Saturday 29th October

We went for an early morning stroll in Katha, having English pancakes for breakfast. Then we went on a self-guided tour of the places mentioned in George Orwell's Burmese Days which is based in this town. We found the big old jail which is still used; there was a sign at the gate saying 'no photography'. We walked back through town and to the place where the British Club would have been but it has been knocked down, but the tennis club is still there. And when we asked a local, he showed us the house where Orwell lived when he lived here between 1922 and 1928; the house is a big red building, with verandas, set back in a field along a narrow path. The lady living there says she works for the District Administration; we were stood on her doorstep and thought she was going to let us look around, but then she didn't.

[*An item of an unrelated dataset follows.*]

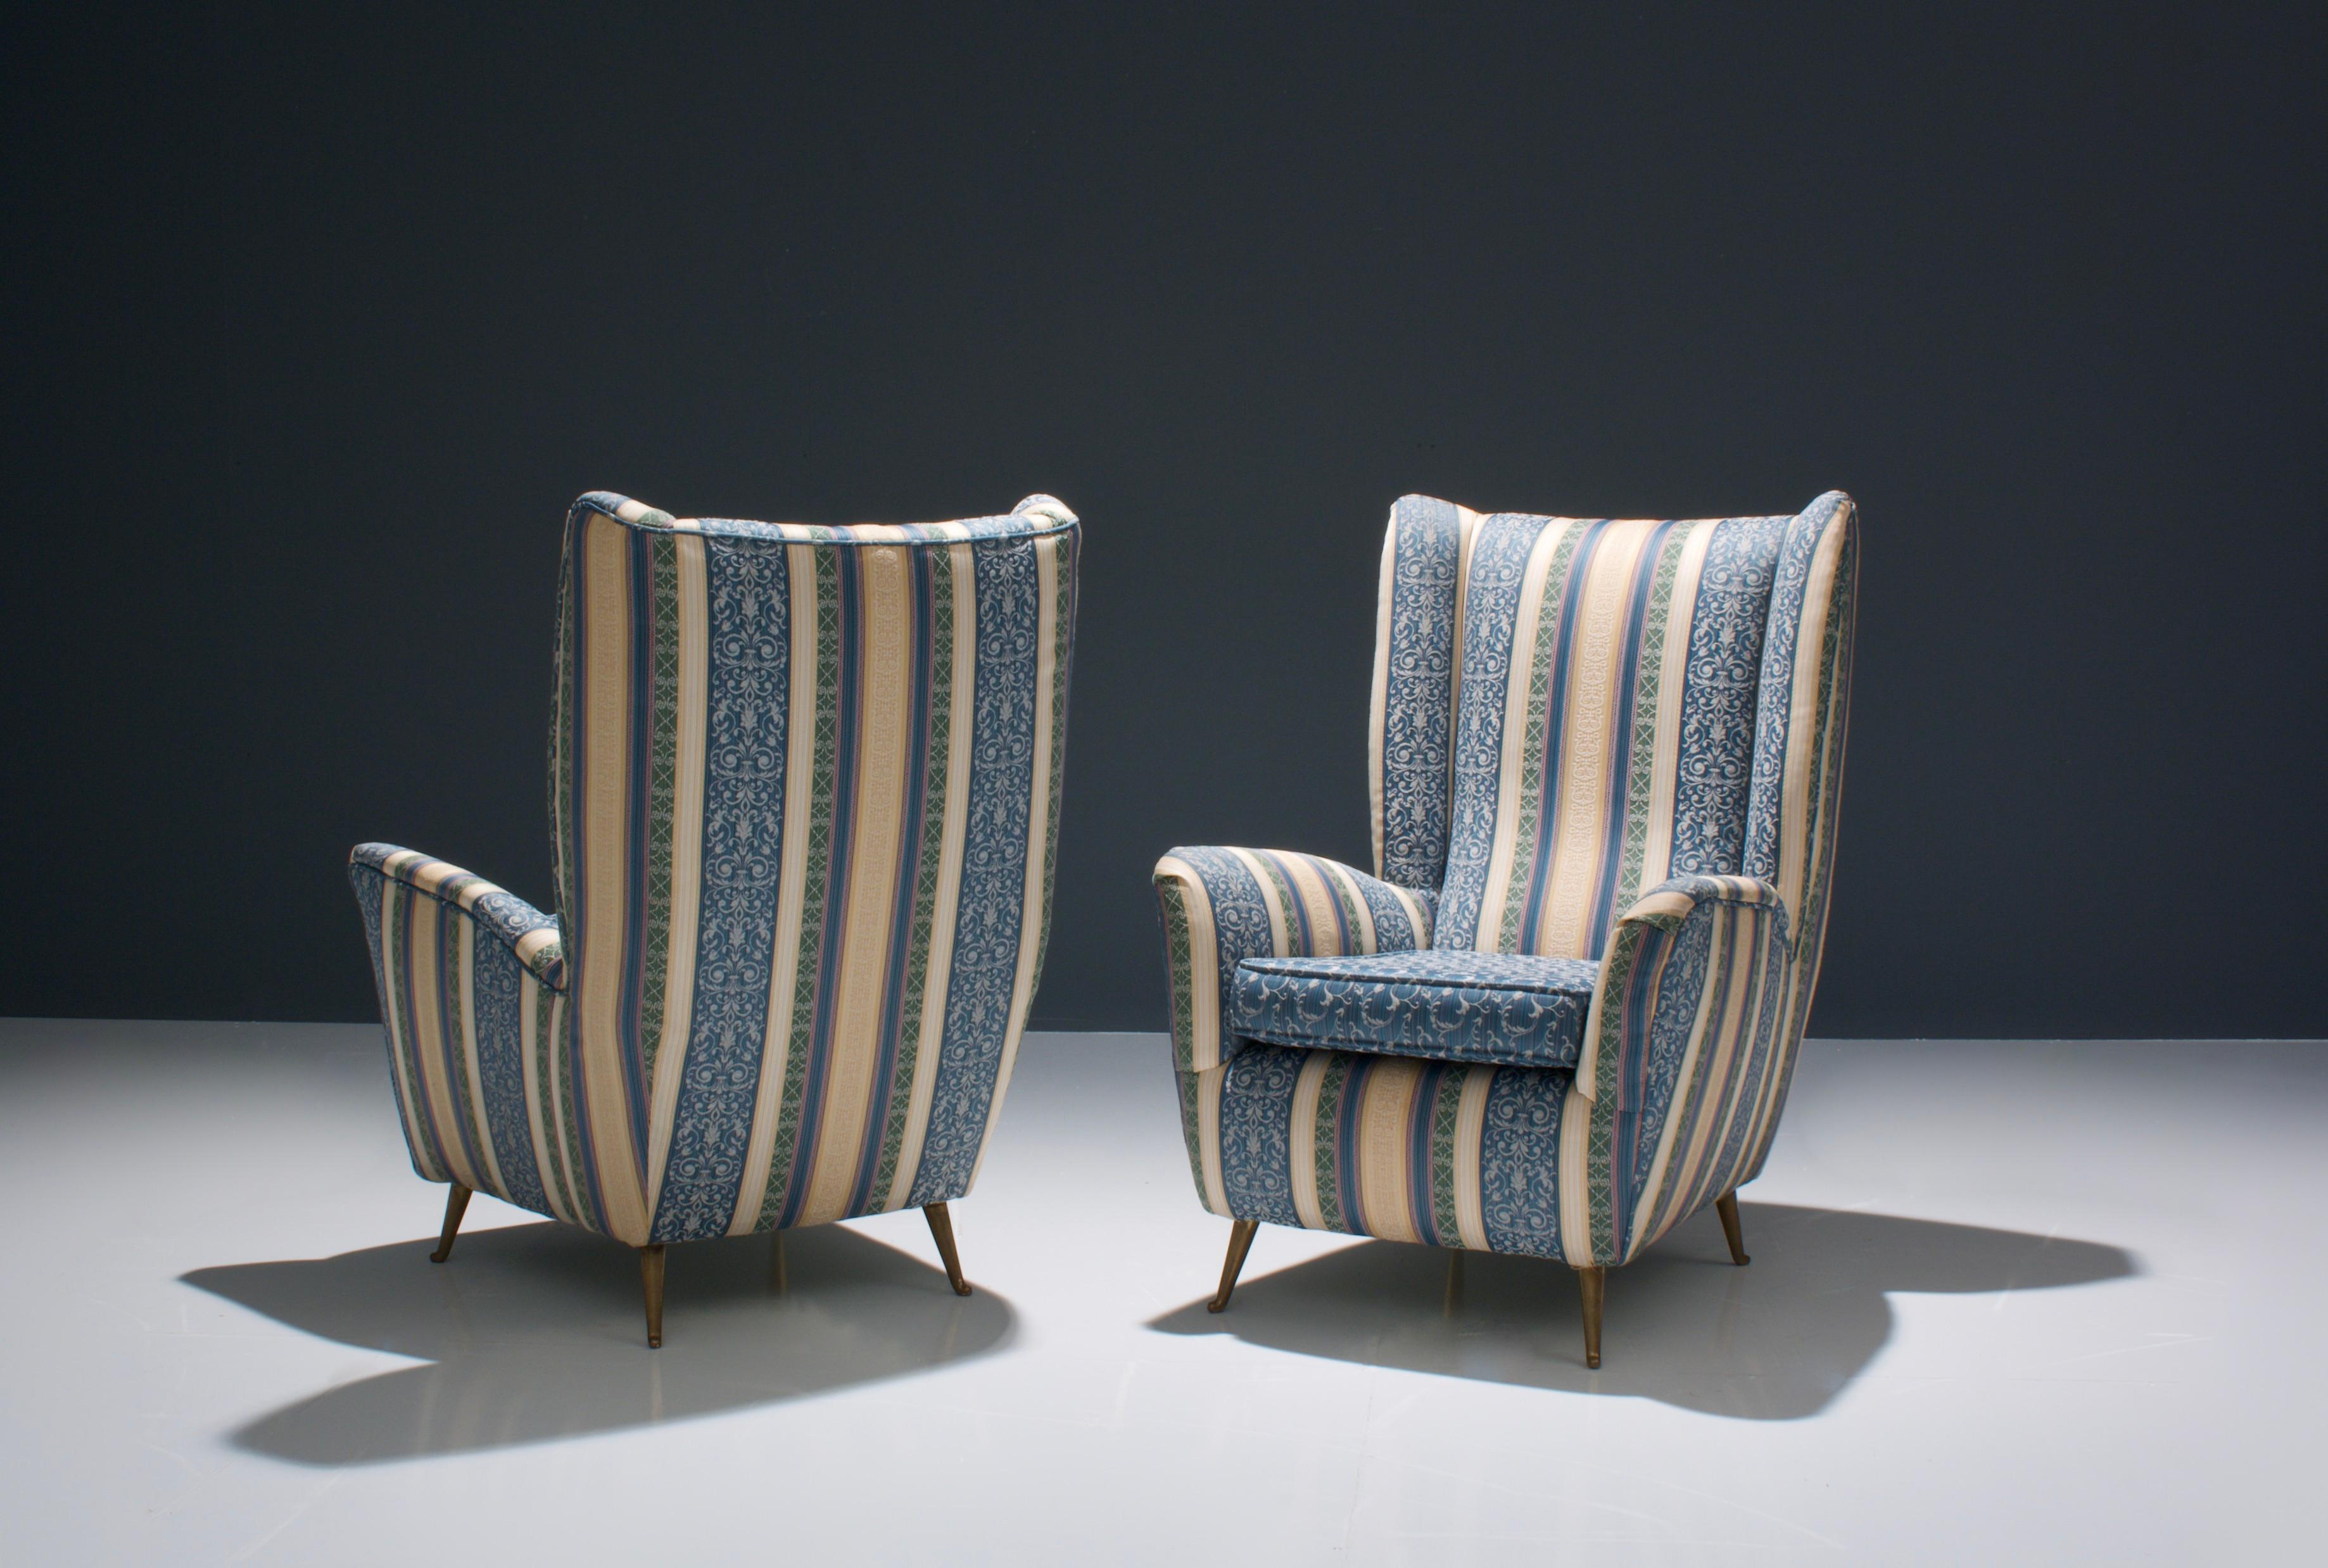 Une paire de chaises longues italiennes confortables, chaleureuses et colorées. Avec leurs formes rondes et leurs coussins doux et propres, ils invitent vraiment à s'asseoir et à se détendre. Vous vous sentirez englobé par la forme du fauteuil, ce

We had a a walk around the market and while Lee and Meeta were chatting to a guy about Longyis, I sat on a low stool next to his wife and watched her cutting the legs off dead cicadas, presumably in preparation of selling them for people to eat; she didn't chop the heads off so I guess that gets eaten? As usual, as we walked around, locals smiled at us and the kids said hello and we felt very welcome.

We decided to get the train back to Mandalay as the next ferry doesn't leave until Monday evening. So, at 2pm we got the bus to Naba train station, hoping to catch a train back to Mandalay but since trains are so often delayed we had no idea when we might be able to leave or how long it would take. But a Chinese-looking member of staff came up to us and said 'Can I help you with a ticket?', 'Yes please'. He was really helpful, he got us $6 tickets in ordinary class (no Upper Class tickets left, would have been much more expensive anyway) and the train came soon after and he ushered us to the correct coach and seats in the melee. The wooden benches were not too bad and the scenery in the late afternoon was nice. There were people in the aisles and people sleeping under the seats but it was all very pleasant and calm. We chatted and I listened to my tunes most of the way and got a bit of sleep sitting upright.

Sunday 30th October

We arrived back in Mandalay about 6:30am, in the daylight, and checked back into the ET hotel. Sleep!